The pandemic has been for banks’ credit departments a textbook case game-changer, and we still haven’t seen all of its effects: a real accelerator in credit risk modeling for banks willing to know which company to support first in times where moratoria and public guarantees may hide the real current situation of the borrower and postpone the showdown with NPLs.
This message was at the foundation of the last Prometeia virtual session about ‘Improving PD models predictivity and reactivity with transactional information and Machine Learning’, where we presented our recent project developed with Unicredit - one of the biggest European banking institutions – to create a PD model for the small business segment. A process that leveraged more than 550 million transactions, using advanced text analytics techniques to categorize free-text transaction purposes, and machine learning to turn categorized transactions into a score for each firm.
A cutting-edge model that is proving to be very performing during the pandemic, even stand-alone, and very reactive, able to capture deterioration signals right from the start of lockdowns and restrictive measures. A strong real-time component, differentiating transactional credit scores from more traditional ones, that is allowing banks to more effectively detect companies that do need the bank’s support even without a visible credit deterioration.
The use case presentation, by Emanuele Giovannini (Unicredit) and Giangiacomo Sanna (Prometeia), preceded a high-level discussion among some very qualified matter experts in the field: Chiara Capelli, head of credit risk modeling at Unicredit, Dmitri Kraynov, head of risk modeling at Sberbank, Sid Dash, research director at Chartis Research, and Marco Stella, Prometeia’s partner.
Among other issues, the reactivity of transactional and AI-based credit risk models was cited as one of the most crucial features amid the pandemic and accelerated digitalisation. The increase in predictive power, as well, is a big advantage, especially for clients usually leaving little ‘official’ real-time information about themselves (small businesses, individuals).
Not surprisingly, the use of transactional data in risk modeling has lately been strongly recommended also by the ECB, the Eurozone regulator about banking risk models.
Such an implementation implies several challenges, of course, both from an ethical to a technological standpoint: for instance, organizing such broad sets of data requires a great computational power. But probably – this has been one of the loudest messages of the panel – the main challenges are around the explainability and interpretability of models.
Beyond being regulatory and business needs, these features have proved to be a modeler’s exigence as well: especially in times of pandemic, adapting the credit rating model has been possible just thanks to its interpretability, enabling to net it from all variables that were not reliable any more (like payment of taxes in Italy, where they have been postponed by authorities, and so lost their predictive meaning).

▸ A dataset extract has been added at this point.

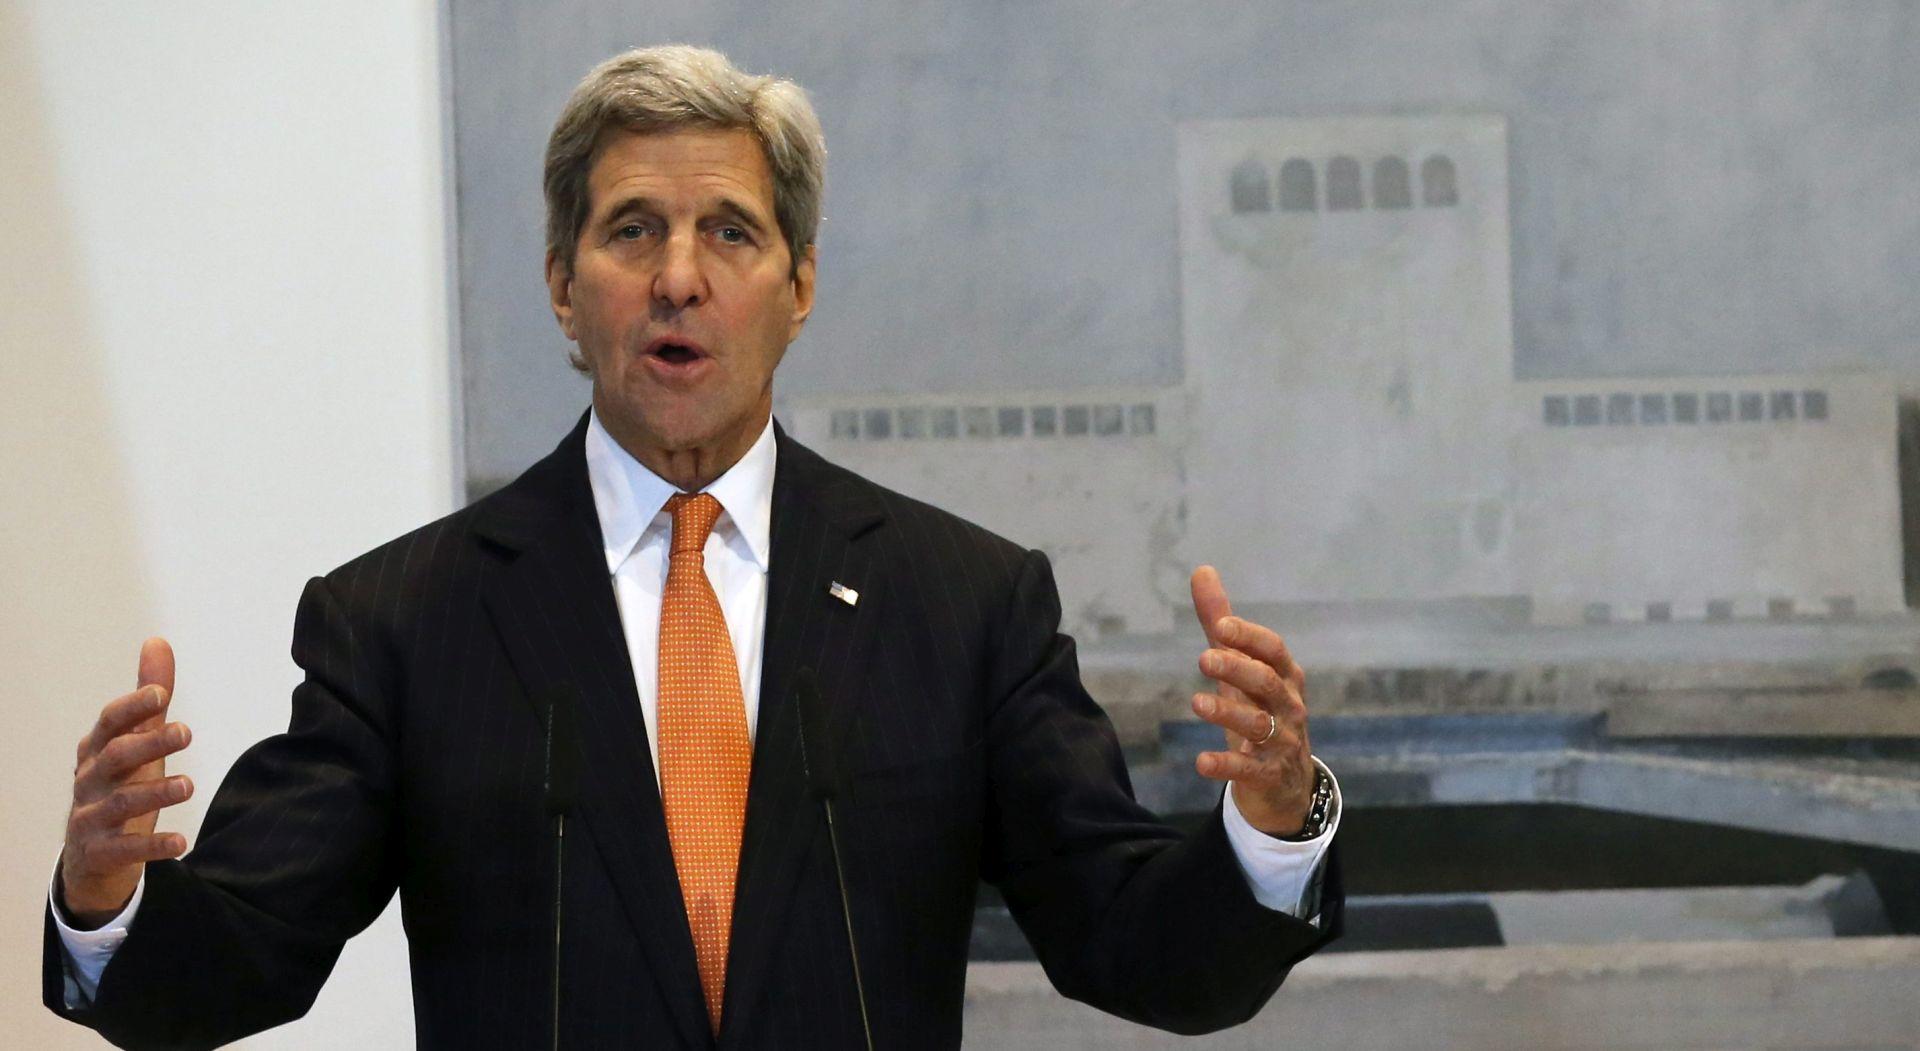 SUKOB U SIRIJI: John Kerry u nedjelju u Ženevi

Moreover, interpretability has been said to be crucial to change the attitude of many internal and external stakeholders of the bank, who are extremely diffident towards black boxes. This stance makes investing in explainability even more compelling.
One thing is for sure. The road traced by these complex techniques can open up new business horizons for intermediaries. Think, for example, of the extension from transactional data to PSD2 and open banking data. A wealth of information that, framed in a model that can be explained and interpreted in every single item, could mark the new frontier for advanced loan origination and monitoring processes.